== Work request ==
Each line between the one holding "ZEJIA 3 Gram" and the end of the material below, both included, is to be transcribed word for word, with pictures left out.

== Given data ==
###

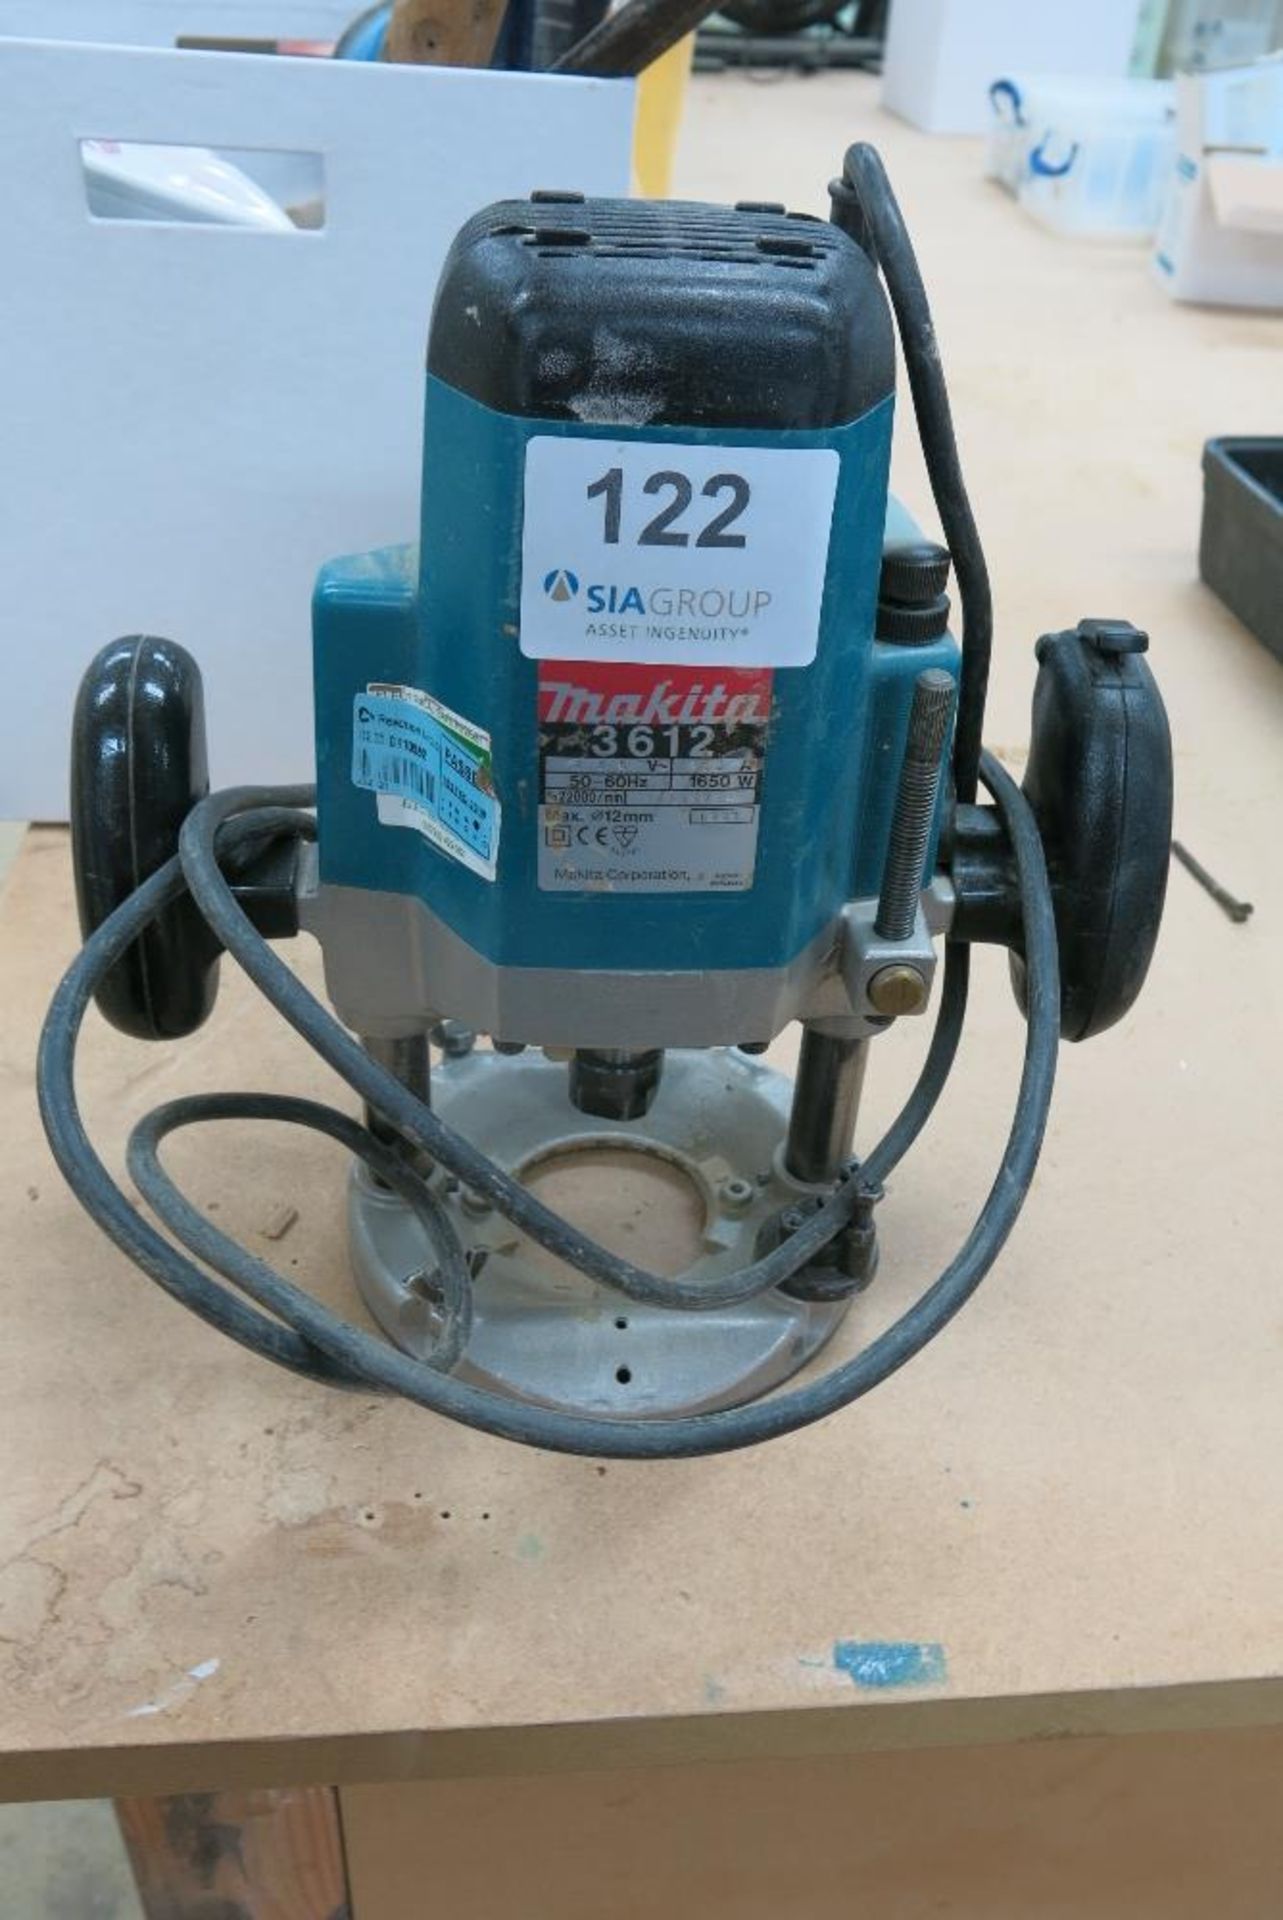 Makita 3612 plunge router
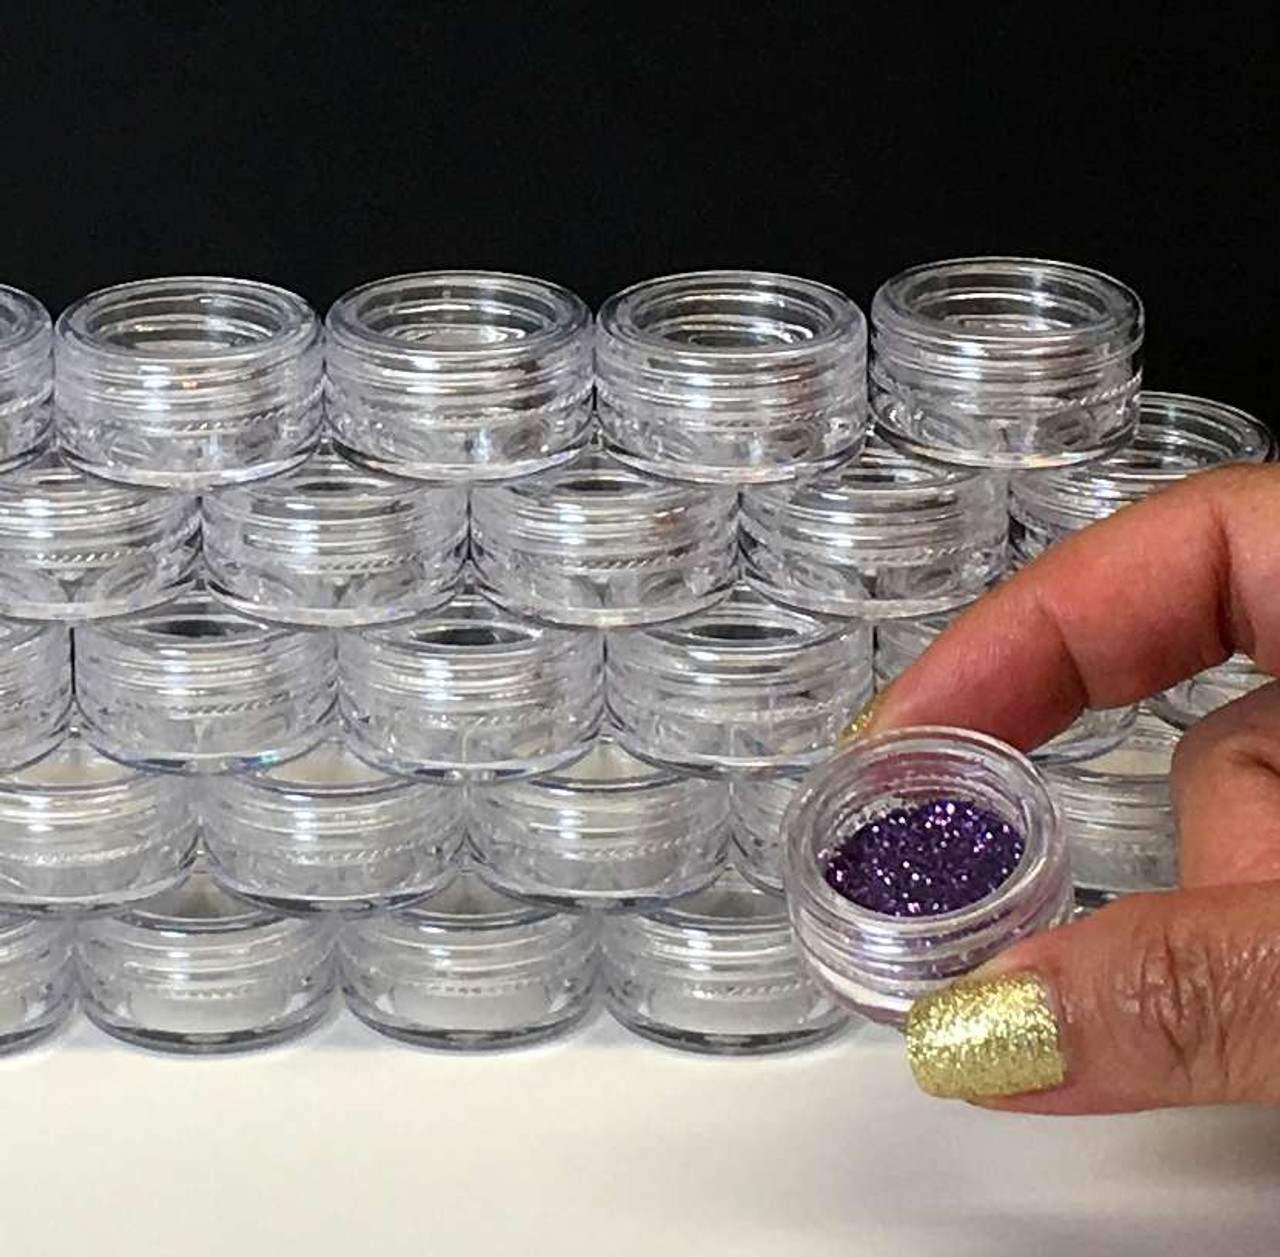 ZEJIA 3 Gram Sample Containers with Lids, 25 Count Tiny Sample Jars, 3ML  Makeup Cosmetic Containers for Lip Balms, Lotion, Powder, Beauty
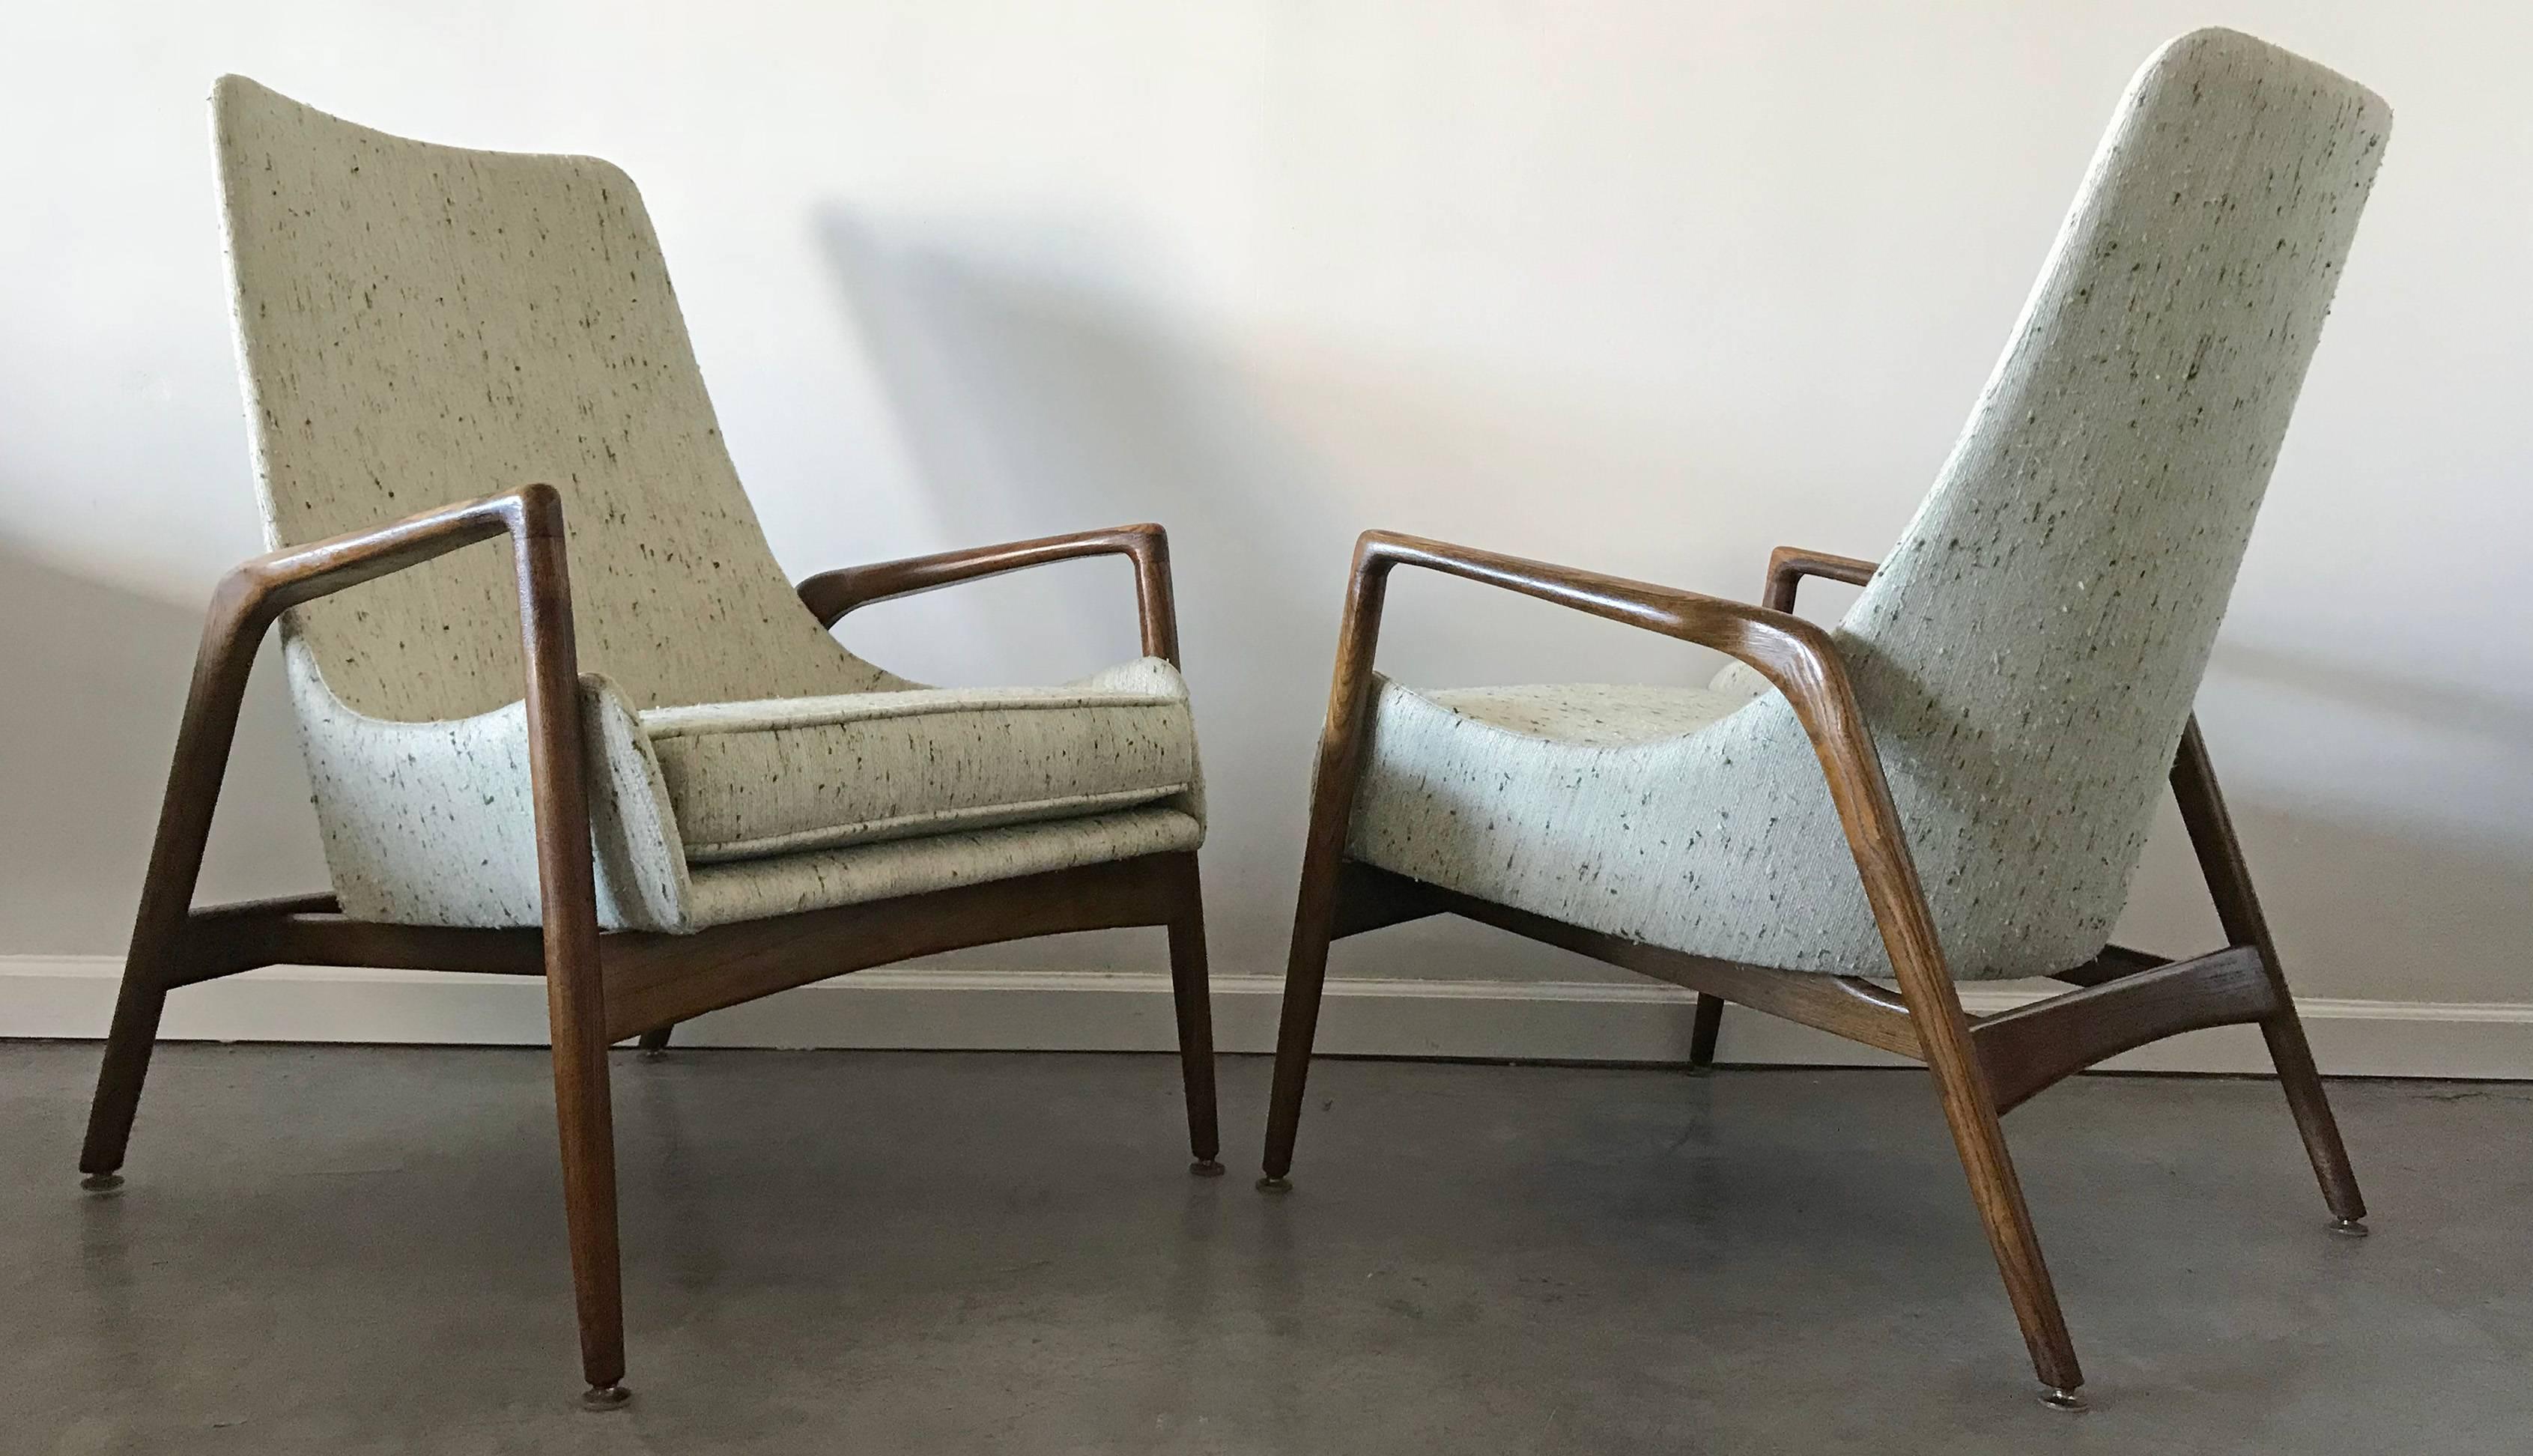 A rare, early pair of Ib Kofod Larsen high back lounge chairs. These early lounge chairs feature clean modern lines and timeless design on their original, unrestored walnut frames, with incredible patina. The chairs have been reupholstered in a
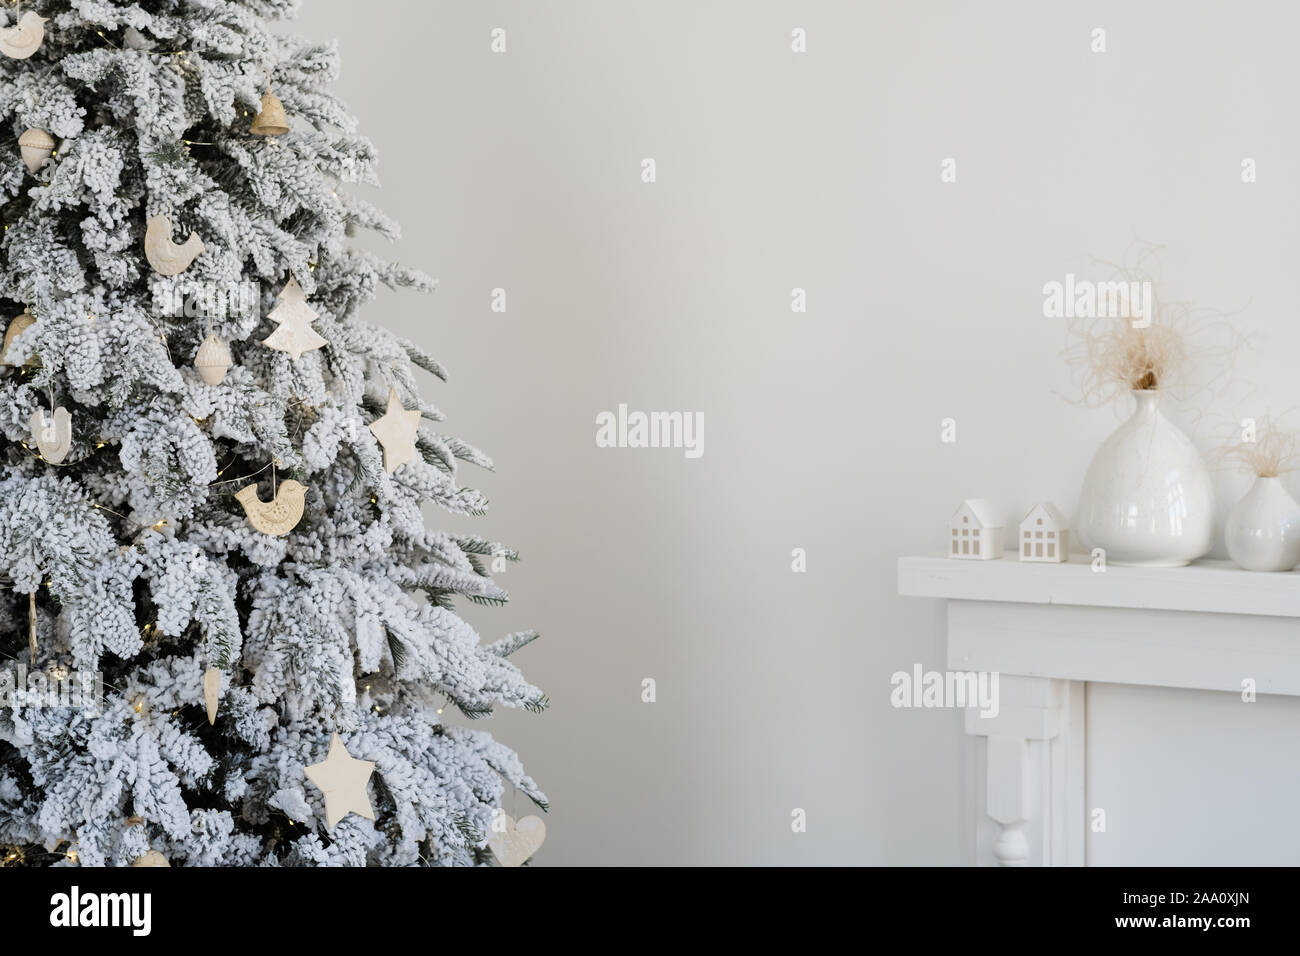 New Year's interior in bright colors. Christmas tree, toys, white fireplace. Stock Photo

###

== Result ==
 ZEJIA 3 Gram Sample Containers with Lids, 25 Count Tiny Sample Jars, 3ML  Makeup Cosmetic Containers for Lip Balms, Lotion, Powder, Beauty
 A rare, early pair of Ib Kofod Larsen high back lounge chairs. These early lounge chairs feature clean modern lines and timeless design on their original, unrestored walnut frames, with incredible patina. The chairs have been reupholstered in a
 New Year's interior in bright colors. Christmas tree, toys, white fireplace. Stock Photo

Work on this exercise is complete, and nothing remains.